[What is expected] From the line holding "Chandigarh CTU Driver" through the line holding "Завдяки потужному графічному" below, write out every line exactly; include both of those lines and drop the pictures.

[Given data]
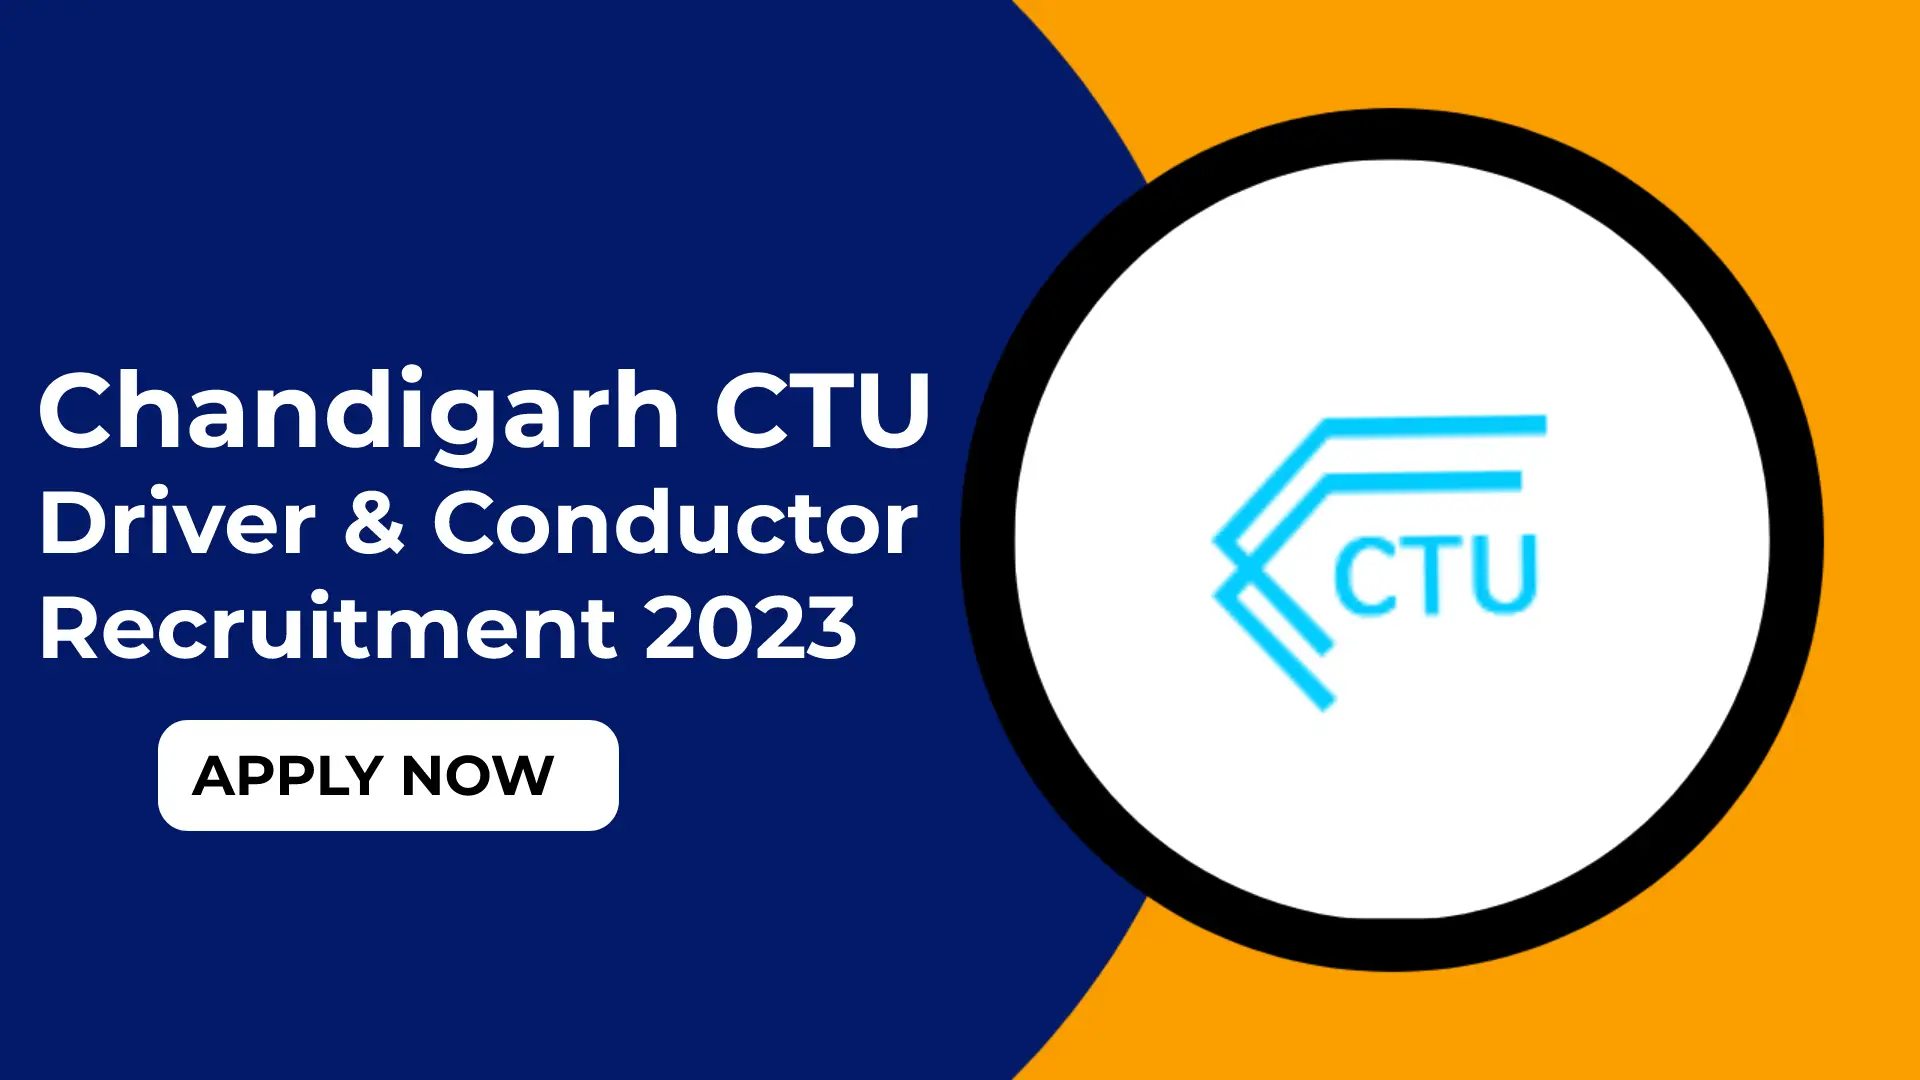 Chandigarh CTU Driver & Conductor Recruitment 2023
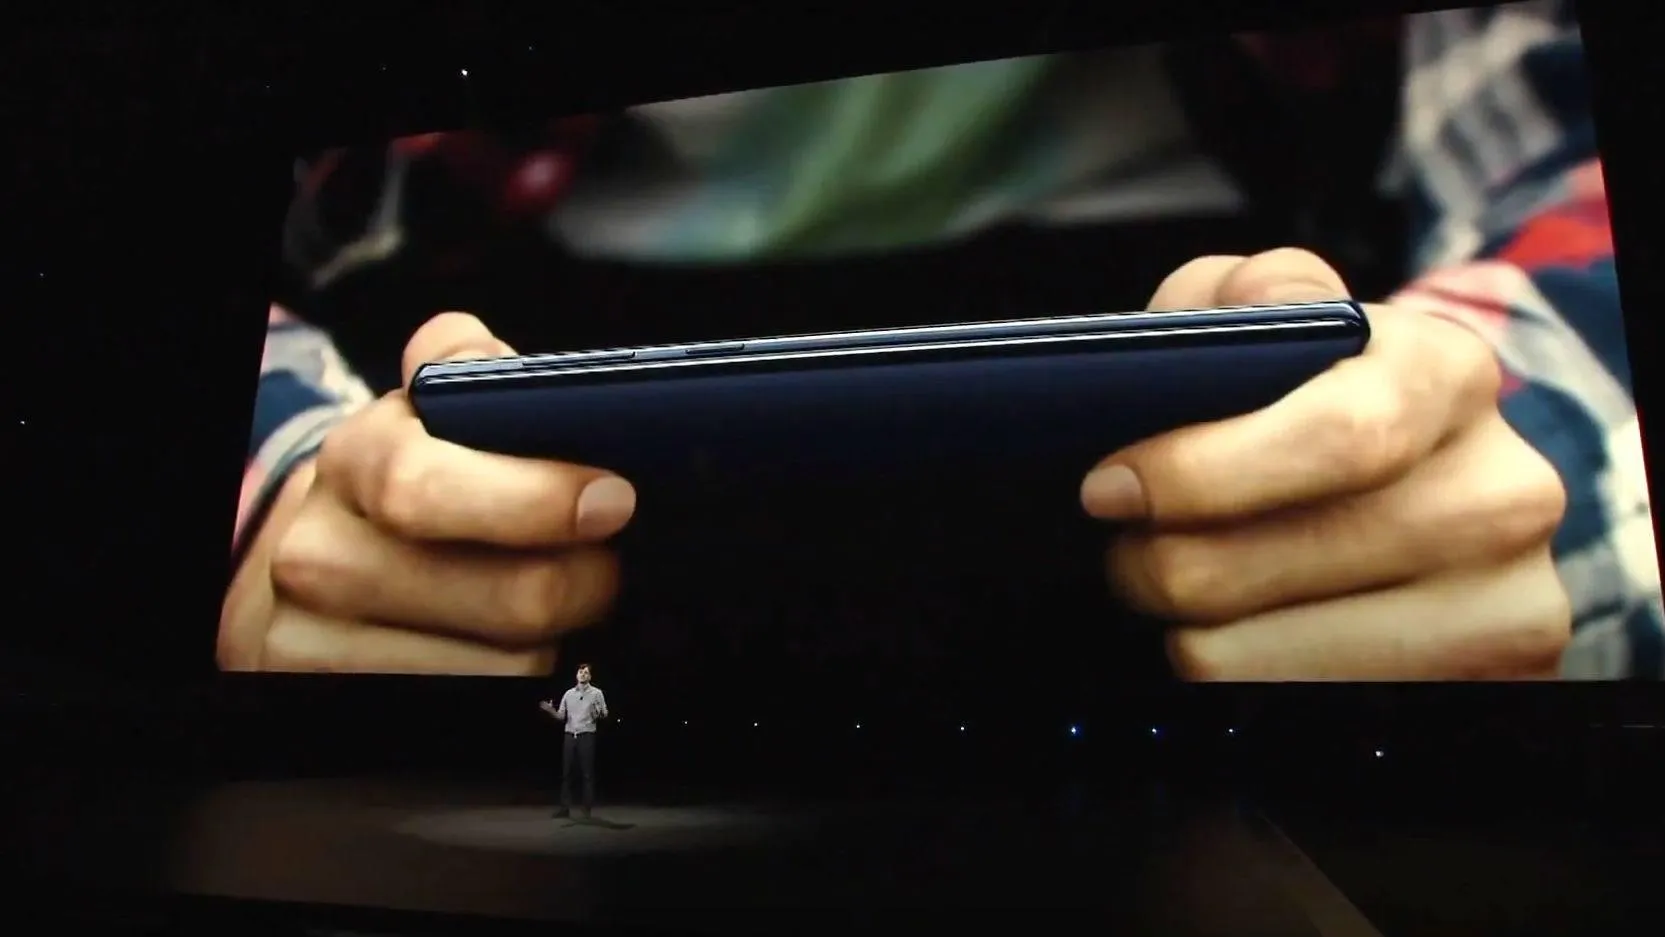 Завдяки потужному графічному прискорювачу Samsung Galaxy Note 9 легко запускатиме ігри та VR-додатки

---

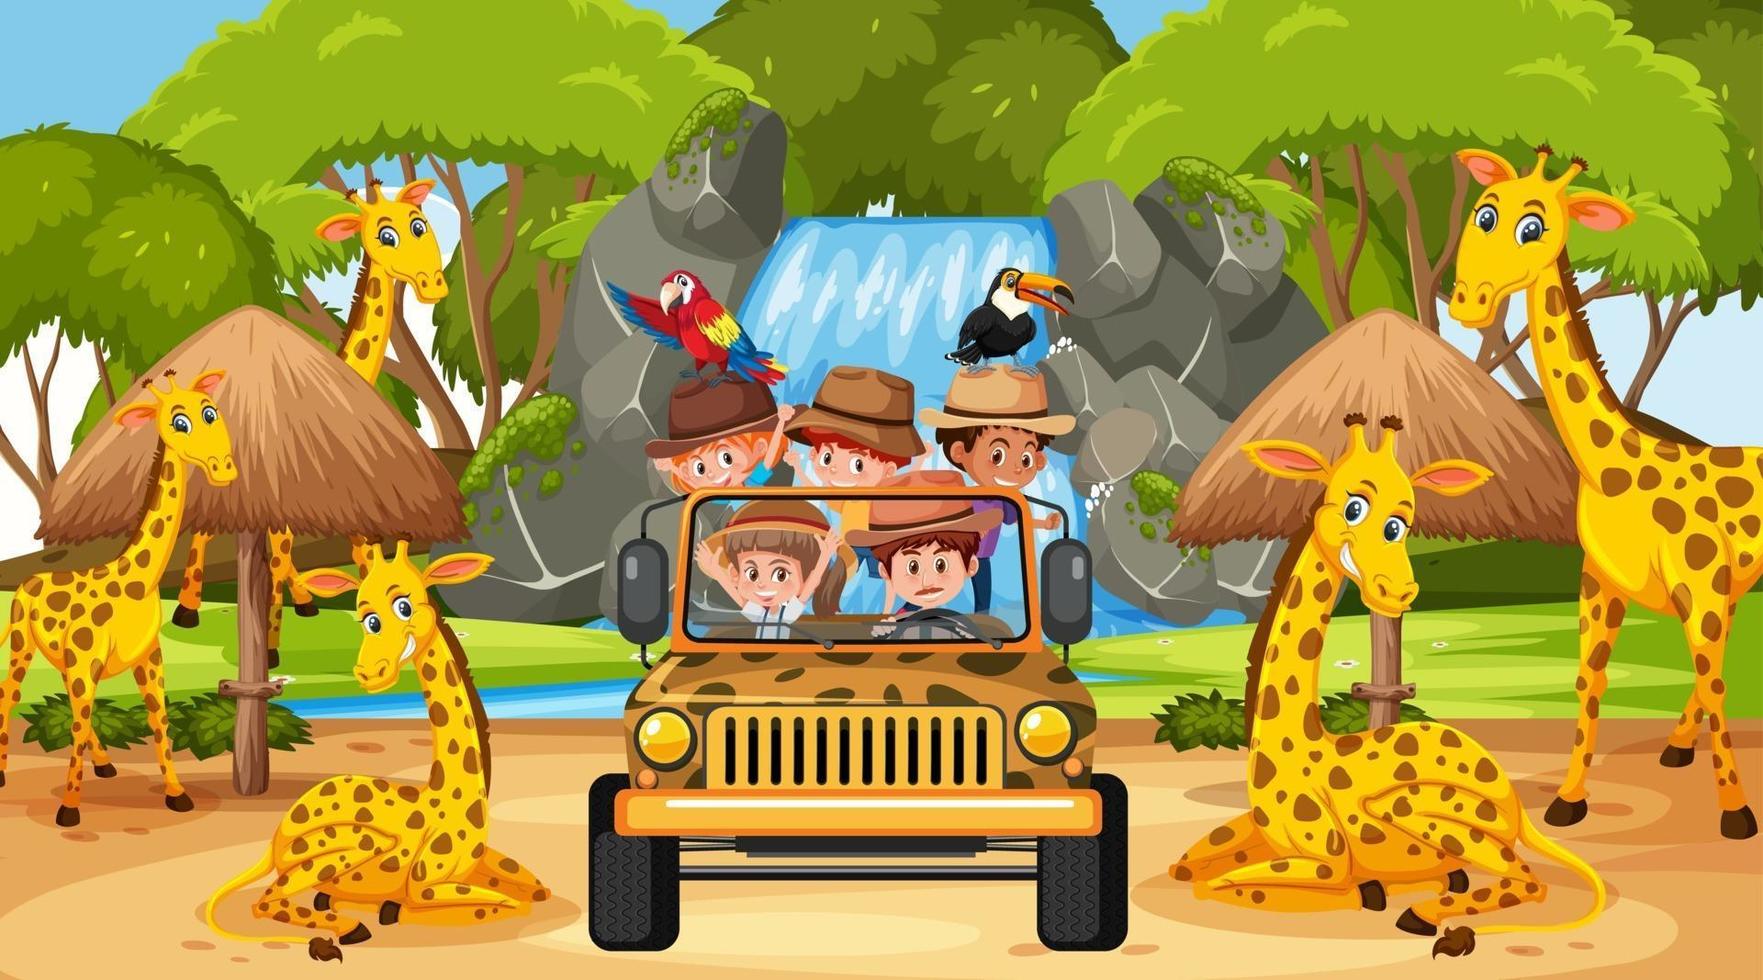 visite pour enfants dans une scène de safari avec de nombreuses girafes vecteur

[Answer box]
 Chandigarh CTU Driver & Conductor Recruitment 2023
 Завдяки потужному графічному прискорювачу Samsung Galaxy Note 9 легко запускатиме ігри та VR-додатки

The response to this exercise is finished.